Demirel was right to ask this. The many illegal organizations and groups, and the tens of thousands of militants, had their fighting cut short overnight, even though the government at the time gave the military very great power and authority before the coup.

What, then, was the authority they possessed that was not being used that brought the need for a coup to the forefront? This was a question debated for years in the Turkish public, and in the end, the following conclusion was reached: In the period before the 1980 military coup, the powers controlling the right and the left were coming from the same point. In the deadly acts each side was launching against the other, people were being guided from the same center. And the naive youth jumping into the scenario were unaware that they were simply pawns in the game. During the 1970s, former Prime Minister Bülent Ecevit used to talk about an organization called “Gladio.” Ecevit, whose own life was the target of assassination attempts many times, could never prove the existence of this “Gladio” group. But the majority of people in Turkey did believe his claims to be true.

Later, on Nov. 3, 1996, there was an odd traffic accident that took place in Turkey, and for many Turks, this accident came to represent a turning point. The car involved in the notorious accident in Susurluk contained a former leader from the right wing sought all over the world (Abdullah Çatlı), one top-level police official (Hüseyin Kocadağ) and a parliamentary deputy (Sedat Bucak).

It was said that there was strong evidence that Çatlı had been sent by the state abroad to incapacitate Armenian terrorists operating internationally. This was the same person who, before 1980, had been involved in bloody protests and who had been accused personally of being the cause for the deaths of so many leftist youth in Turkey.

Meanwhile, Police Chief Hüseyin Kocadağ, who died in the Susurluk accident, was known for his identity as a leftist and an Alevi. Thus the people of Turkey were shocked when a famous right-wing terrorist and a renowned leftist police commander were revealed to have been in the same car.
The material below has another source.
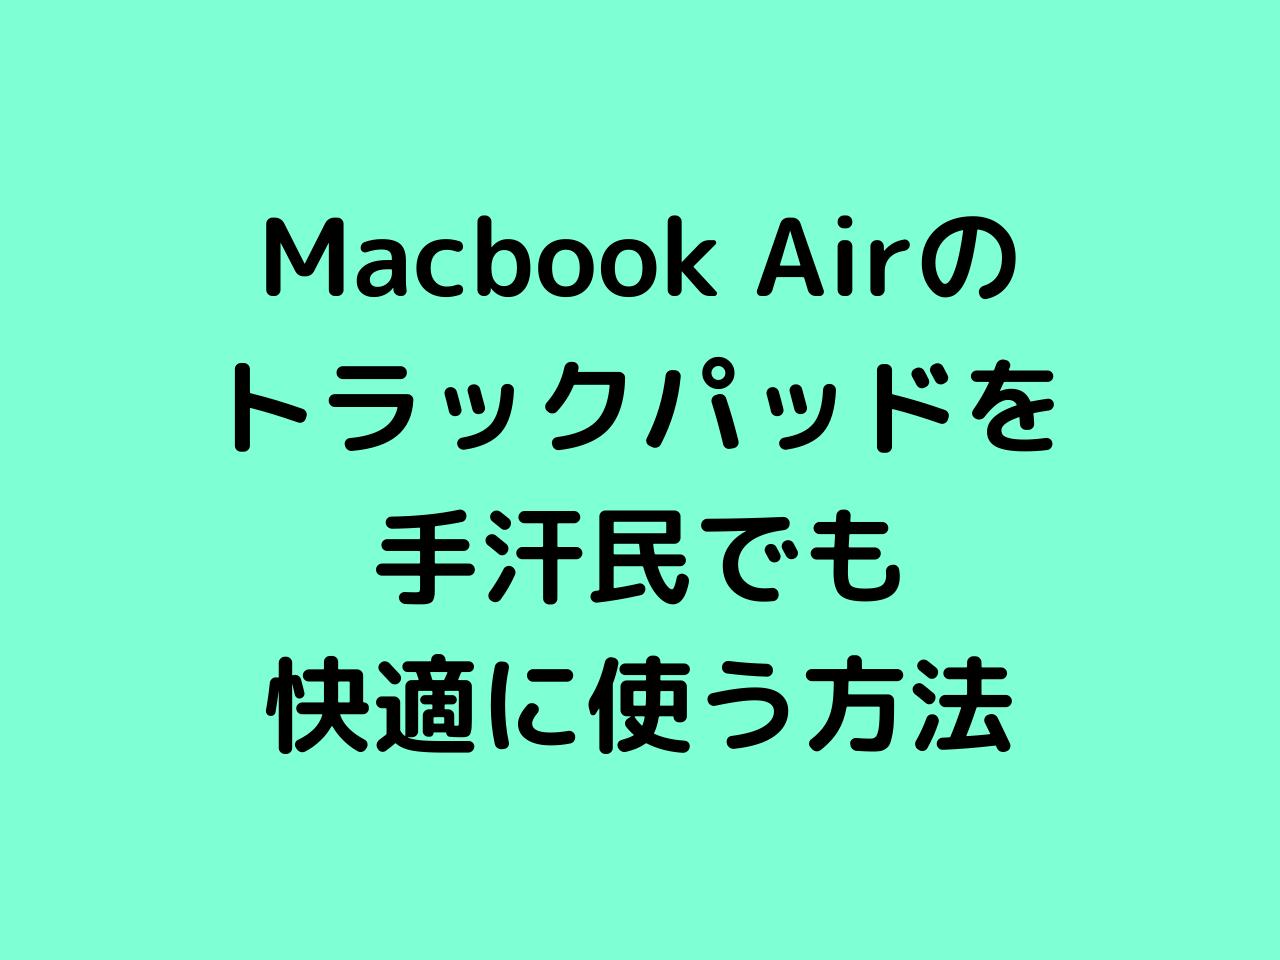 Macbook Airのトラックパッドを手汗民でも快適に使う方法

The weapons present in the car, the fact that the car itself belonged to a deputy who was also the family head of an enormous clan from the Turkish East, the fact that an unknown woman was also present in the car... Everything turned in one moment into a mysterious puzzle and one which still hasn’t been solved.

Deputy chief of the Turkish Police Intelligence Bureau at the time, Hanefi Avcı, talked during a live television program of a “gladio” that had settled itself into the workings of the government. At that time, then-general Veli Küçük blamed Intelligence Bureau Chief Mehmet Eymür and current DYP leader Mehmet Ağar. According to Avcı, the structure that had rooted itself in the government was a triangle consisting of the military, police and politics. For saying these words, Avcı was arrested, but then later returned to his post, where he carries on to this day. But the curtains of secrecy have never lifted on this event because the people named in the Susurluk accident never came to court to give their testimonies.

There have, however, been frequent reminders of the gladio organization that former Prime Minister Ecevit used to mention so often because the phenomenon of unsolved murders has continued on while different groups in society become hostile to one another. Because of psychological wartime techniques, the people themselves have experienced polarization.

Suspicion in Turkey over gladios and gangs has carried on until today. And there are connections between some of the events we see occurring today and some of the secret structures within the government.

And with no transparency being endowed on any of these suspicions, every event that takes place in Turkey winds up with a question mark hanging over it.